(INFORMATION PROVIDED)

====

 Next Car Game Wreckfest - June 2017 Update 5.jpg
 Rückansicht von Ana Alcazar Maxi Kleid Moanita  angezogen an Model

====

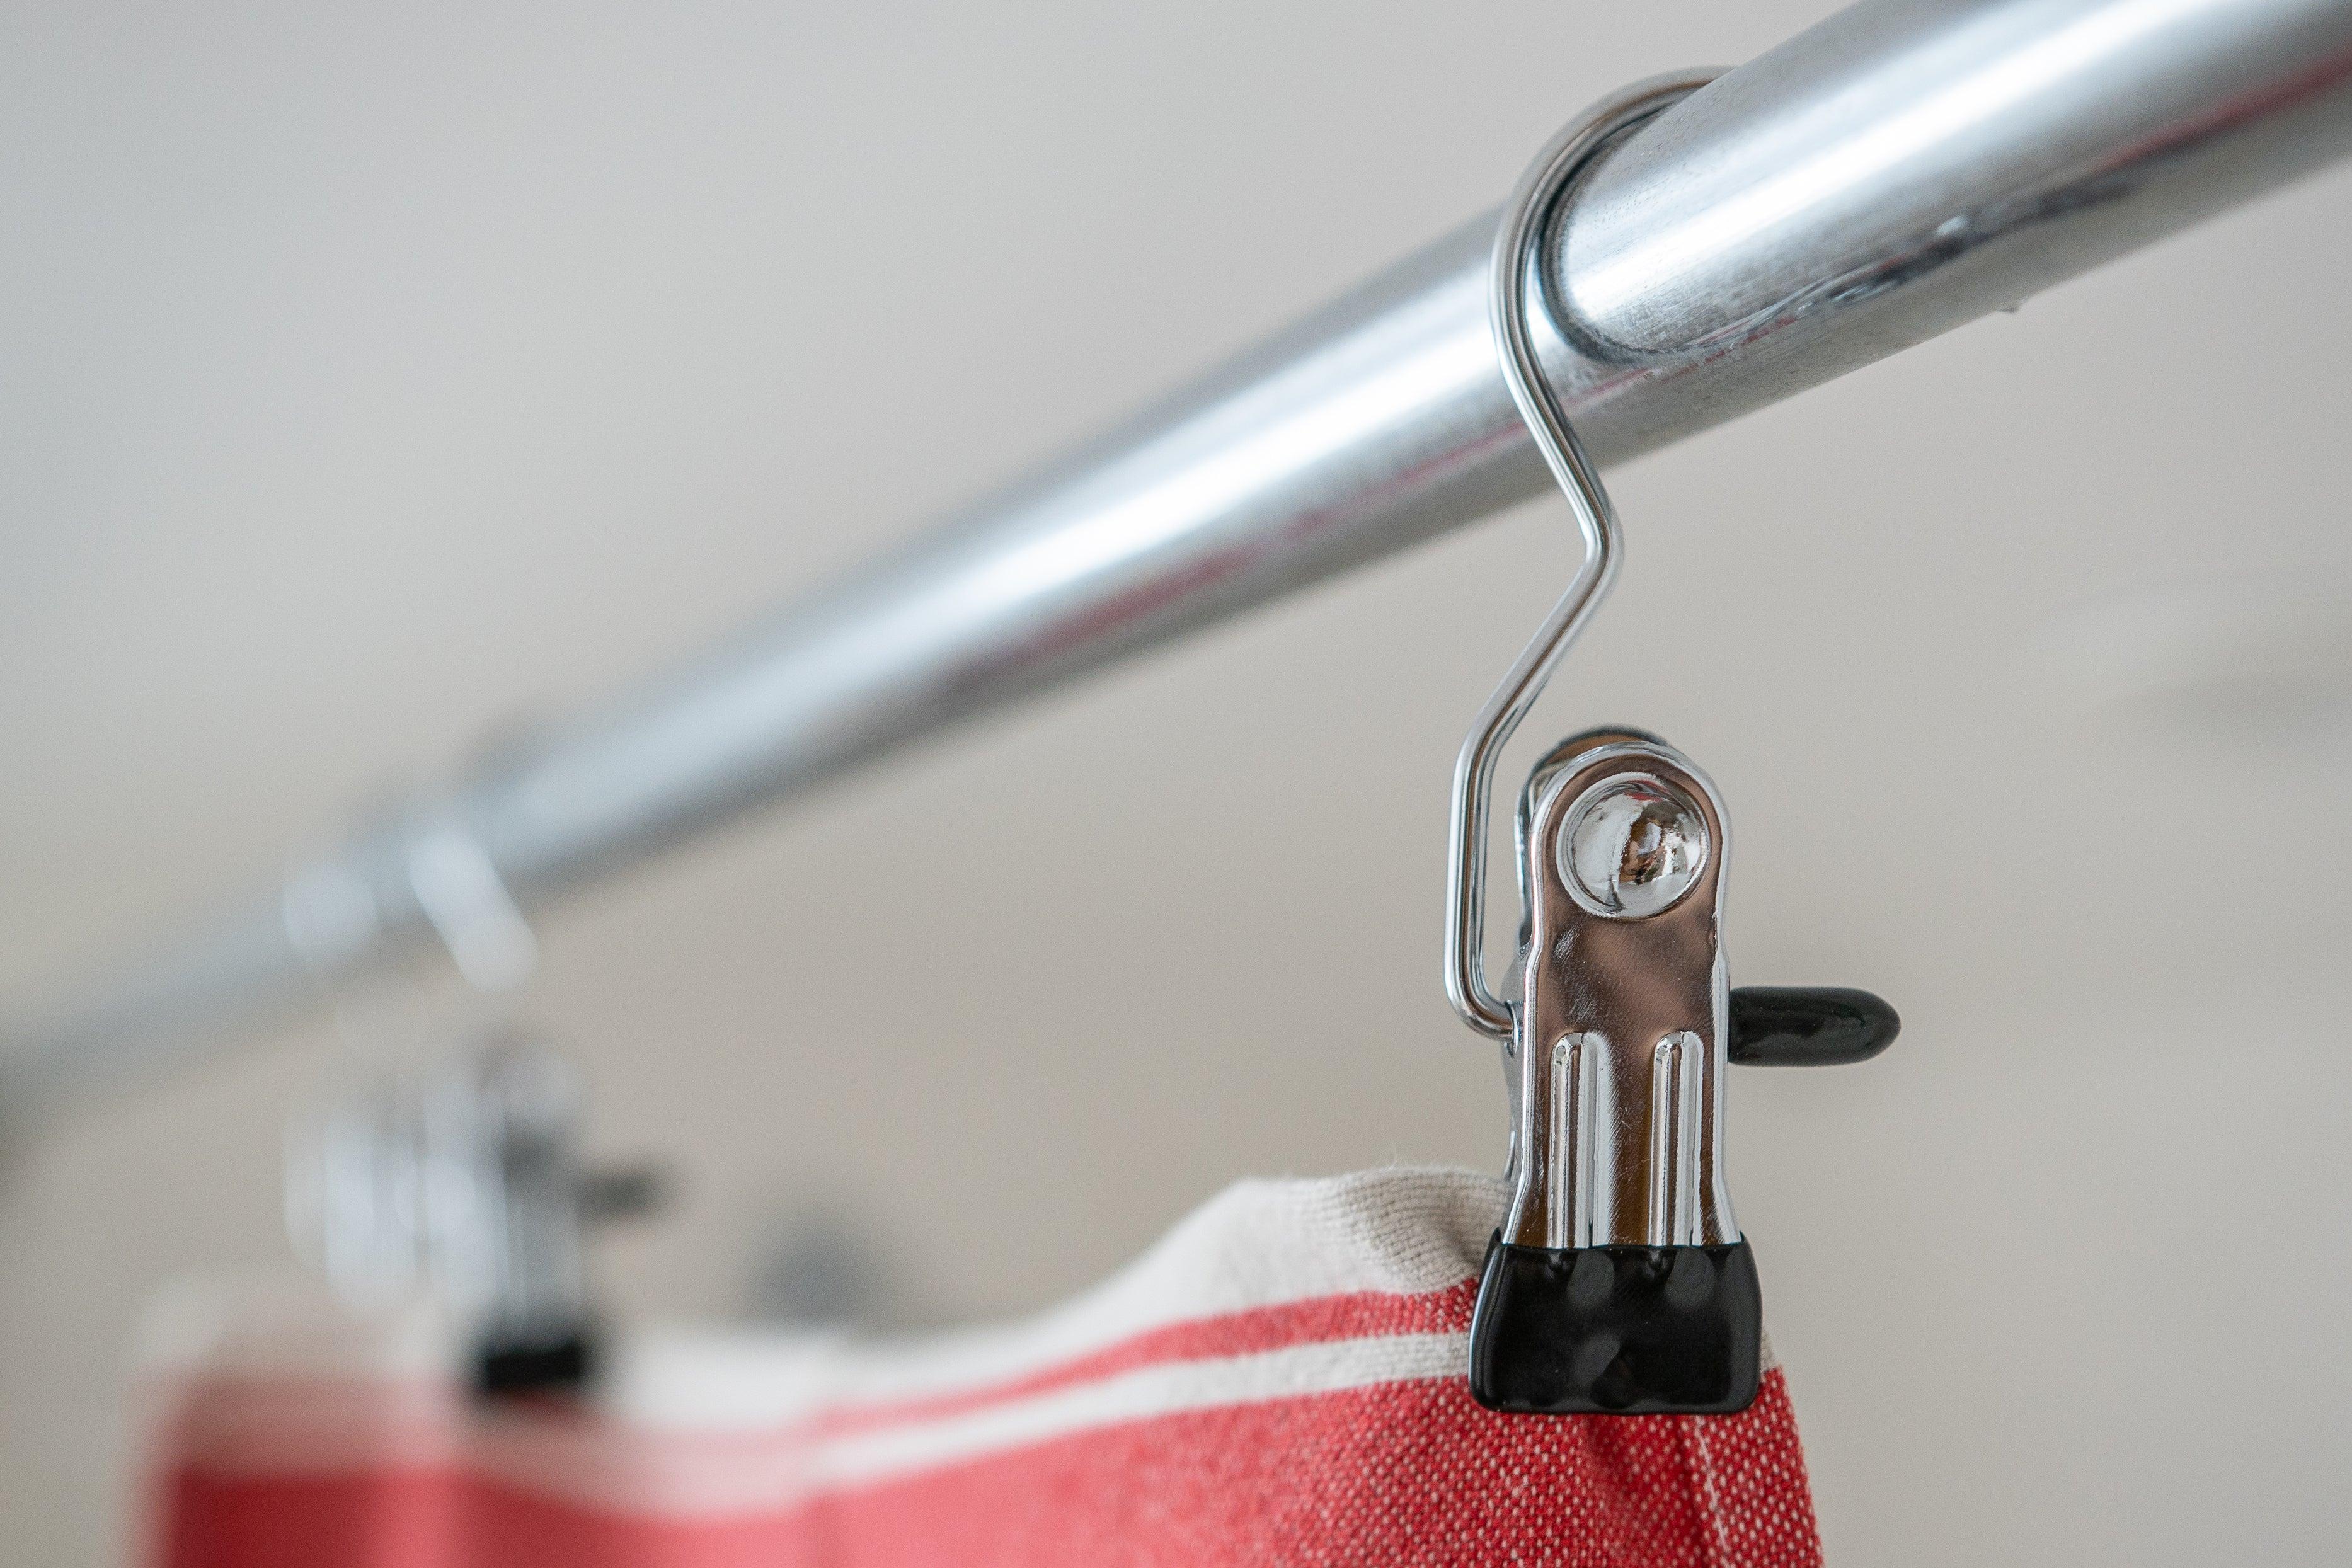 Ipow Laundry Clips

====

(PROMPT) Restate word for word only the lines above from the line containing "Next Car Game" to the line containing "Rückansicht von Ana", both of them included.

(OUTPUT FOR THIS EXERCISE)
 Next Car Game Wreckfest - June 2017 Update 5.jpg
 Rückansicht von Ana Alcazar Maxi Kleid Moanita  angezogen an Model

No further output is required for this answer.